The mysql operator showed the following (the full log for the operator can be provided on request, however the following sequence of logs just kept repeating):

[2023-11-28 17:49:40,943] kopf.objects         [INFO    ] Group view of replica-1.replica-instances.domain-spire.svc.cluster.local:3306 has dict_keys(['replica-0.replica-instances.domain-spire.svc.cluster.local:3306', 'replica-1.replica-instances.domain-spire.svc.cluster.local:3306', 'replica-2.replica-instances.domain-spire.svc.cluster.local:3306']) but these are not ONLINE: {'replica-2.replica-instances.domain.svc.cluster.local:3306'}
[2023-11-28 17:49:40,944] kopf.objects         [ERROR   ] Handler 'on_pod_delete' failed temporarily: Cluster status results inconsistent

...

[2023-11-28 17:49:53,504] kopf.objects         [INFO    ] diag instance replica-2 --> InstanceDiagStatus.OFFLINE quorum=None gtid_executed=None
[2023-11-28 17:50:03,834] kopf.objects         [INFO    ] diag instance replica-0 --> InstanceDiagStatus.OFFLINE quorum=None gtid_executed=None
[2023-11-28 17:50:24,455] kopf.objects         [INFO    ] diag instance replica-1 --> InstanceDiagStatus.ONLINE quorum=True gtid_executed=6cce6f0a-7a59-11ee-bc0d-06bfb4bc7677:1-15,
6e0ab277-7a59-11ee-bd25-8ef6fc2370d1:1-13,

It looks like the operator was attempting to terminate the primary but could not as the surviving replica (replica-1) had an inconsistent view of the state of the cluster (note the line in the logs: 'Cluster status results inconsistent') from the operator itself. This effectively meant that the operator would refuse to officially promote the online replica to primary causing an outage.

How to repeat:
This might be somewhat difficult to reproduce, but try the following:

1. Create a k8s cluster, preferably in EKS, we're using k8s version 1.24.17 but a different cloud provider might be okay.
2. Create an ASG (Autoscaling Group) or equivalent or 3 worker nodes using the specs provided in the ticket tags (the approximate AMI used can possibly be provided, but might not be important)
3. Run the mysql operator with a statefulset pod, persistent volume, and persistent volume claim corresponding to each of the three worker nodes.
4. 'Non-gracefully terminate' the nodes that the primary and maybe one of the secondaries are running on.
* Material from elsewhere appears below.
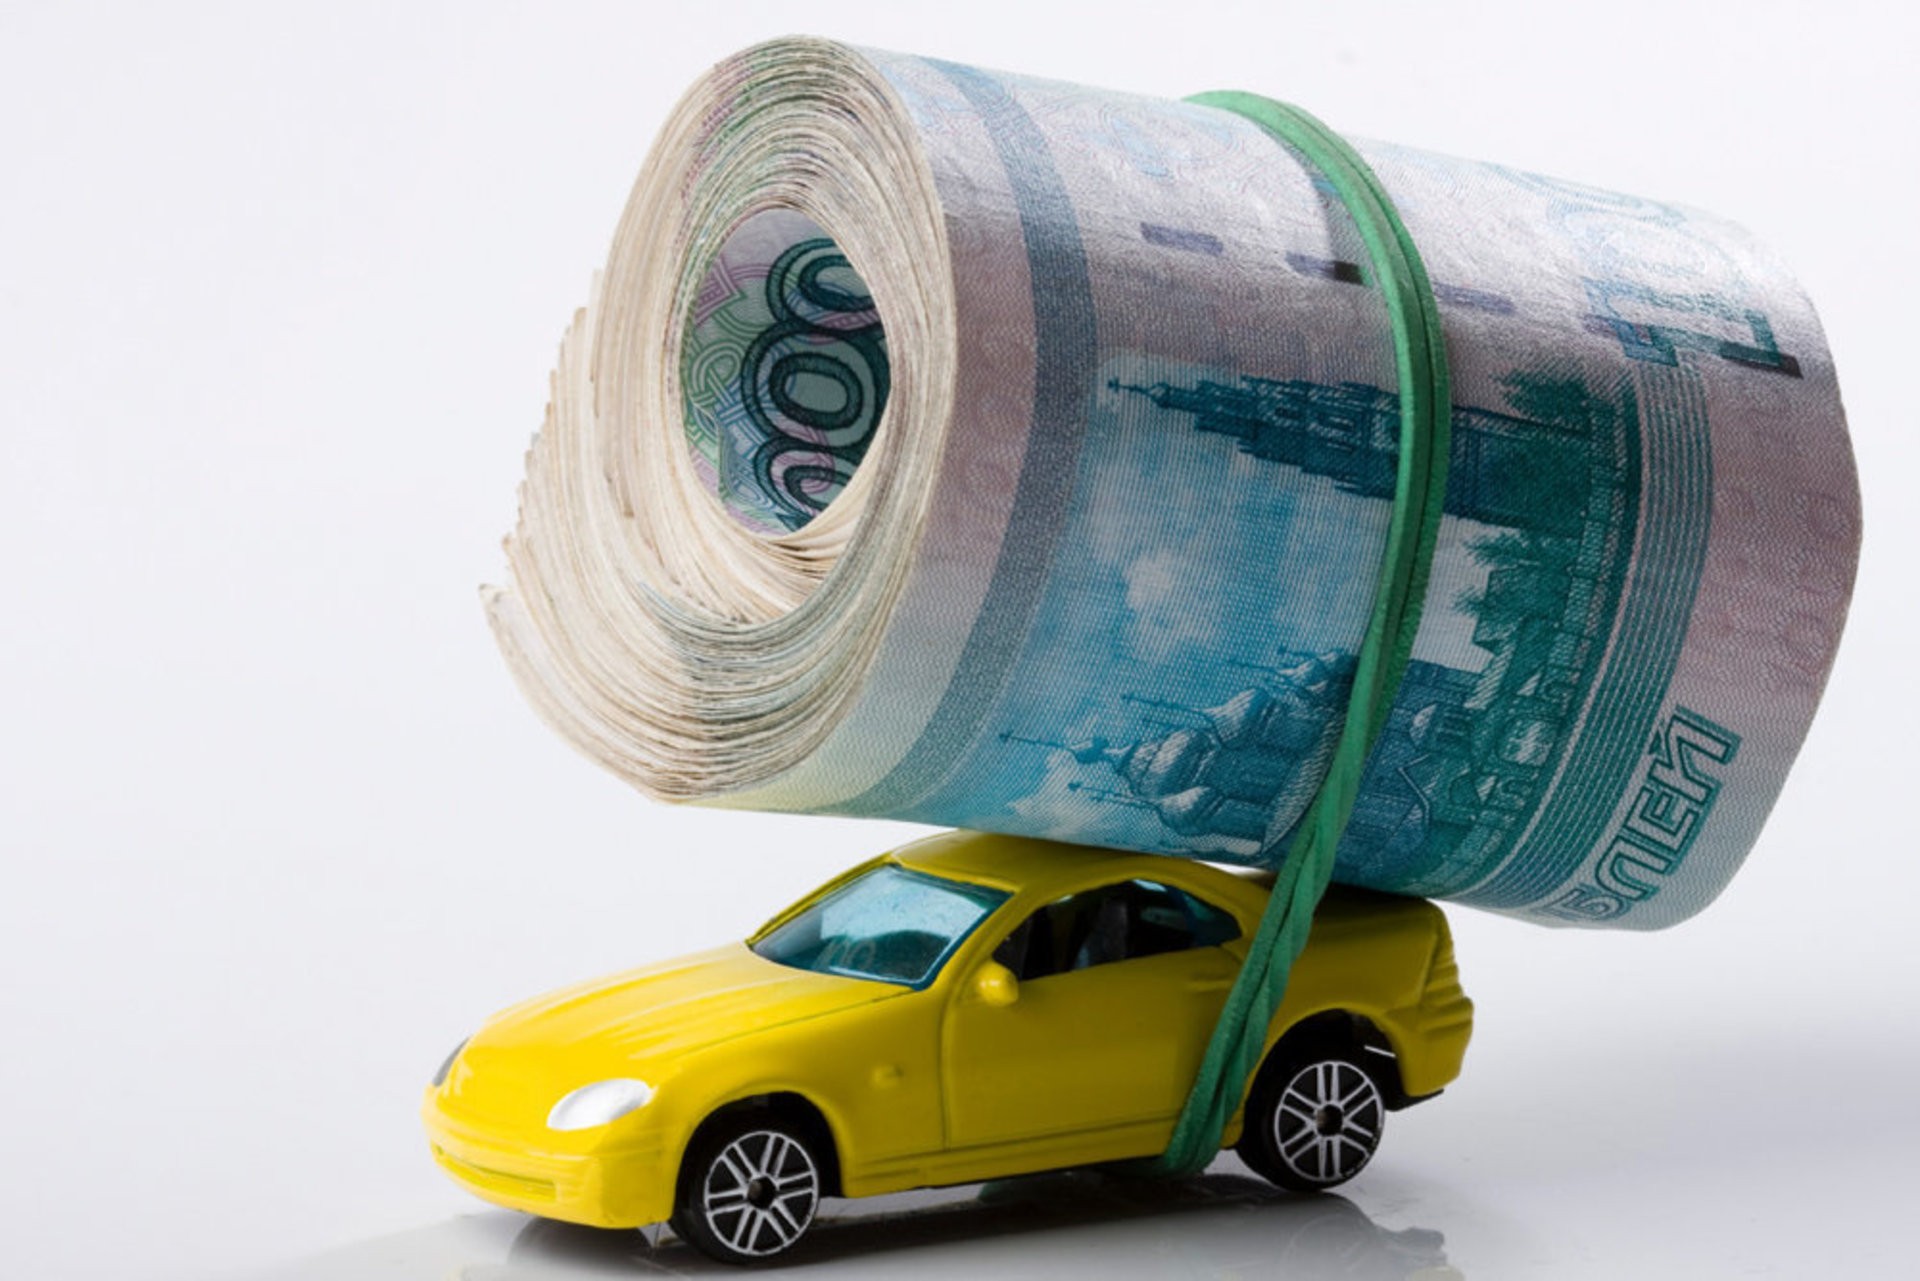 Гениальные лайфхаки для экономии денег на автомобильном техобслуживании

This is the tricky part to reproduce, but if you can forcibly terminate the VM's that the worker nodes correspond to
5. Even trickier is simulating inconsistent cluster views, or having one replica think the other is online when it's not, try to observe if the scenario described above, namely an inconsistent cluster view results.

Suggested fix:
A temporary workaround for us was to simply manually restart each of the replica pods and that resolved the problem. That being said the operator reacting on its own would be better.

That being said, I don't think this is entirely a bug. Looking at the mysql operator's code and when searching for 'Cluster status results inconsistent' (https://sourcegraph.com/github.com/mysql/mysql-operator/-/blob/mysqloperator/controller/di...), it seems like the cluster views need to be consistent before doing something like promoting a new primary so that there don't end up being two primaries or a split brain on accident. I'm supposing the scenario where one of the replica's views was more correct than the operator and the primary was not actually offline. However this favors consistency in the face of network partitions. For our needs, I think availability would be more important in the face of network partitions. 

It's not entirely clear why the cluster views were inconsistent to begin with but ultimately in scenarios where a primary cannot be promoted because of something like this, would it be possible to have some sort of config that skips this the check in the link noted above?

Hi,

I could not reproduce this but I understand what happened to you and I do not believe this to be a bug. Any decent database system needs to favor consistency to anything else.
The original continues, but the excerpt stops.